At the same time, she cited "a major call on global liquidity" which will put additional pressure on the economy and a labor market that is "starting to crack."
That's a view that if not shared exactly note-for-note by CEOs on an economic panel at the CNBC CEO Council Summit, did cover many of the well-known arguments for a downturn that came up in conversation on the stage between CEOs from Wall Street to the steel industry and logistics sector.
While Goldman Sachs ' economic research team continues to believe a soft landing is possible for the economy, and Goldman CEO David Solomon told fellow CEOs "it's hard to have a recession with full employment," he added that his own talks with CEOs reinforce a view that economic conditions are tightening and that does have "leg effects."
On Wednesday, the latest release of Fed minutes showed the central bank's top officials to be split on the next interest rate move, but showing a tilt toward less aggressive policy.
The Goldman CEO is on record as having no specific for-or-against recession call, but he said, "it's hard to tighten economic conditions and have inflation and not have an impact on growth and some rebalancing of impacts."
If there is a recession, Solomon says he is willing to make one prediction: it will be a "shallow" one.
But Solomon, as well as other CEOs, said there is another wildcard factor in the current economy that will make whatever happens next deviate from the economic textbook.
Tamara Lundgren, CEO of Schnitzer Steel , there are two competing forces in the economy that can be seen in the demand for metals.
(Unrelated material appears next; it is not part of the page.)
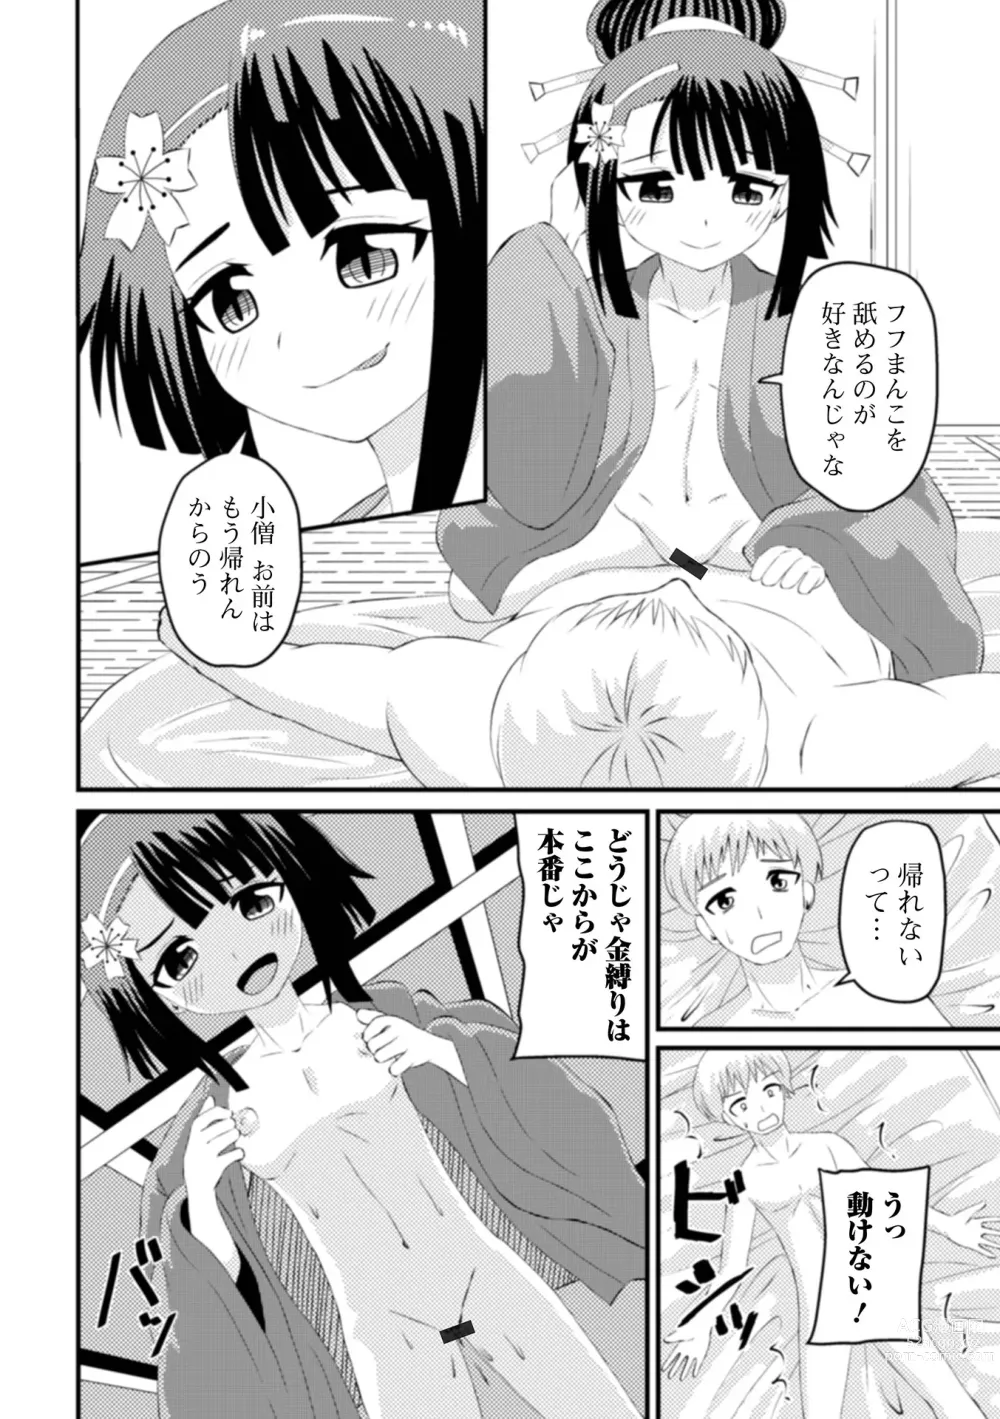 Page 76 of manga Eternal Hime-sama Loli Baba Anthology Vol.1

A central bank drive to slow the global economy, on the one hand, but a commodities industry also aligned longer-term with what she described as "two extraordinary industrializing transitions."
One is the transition to a low-carbon economy which requires a tremendous amount of metals and minerals, highlighted by copper for electrification. "We rarely see that juxtaposed with high inflation and tightening credit conditions and a drive by central banks to slow growth," Lundgren said.
The other she cited is the rise of generative AI which will have implications on economic production and worker productivity.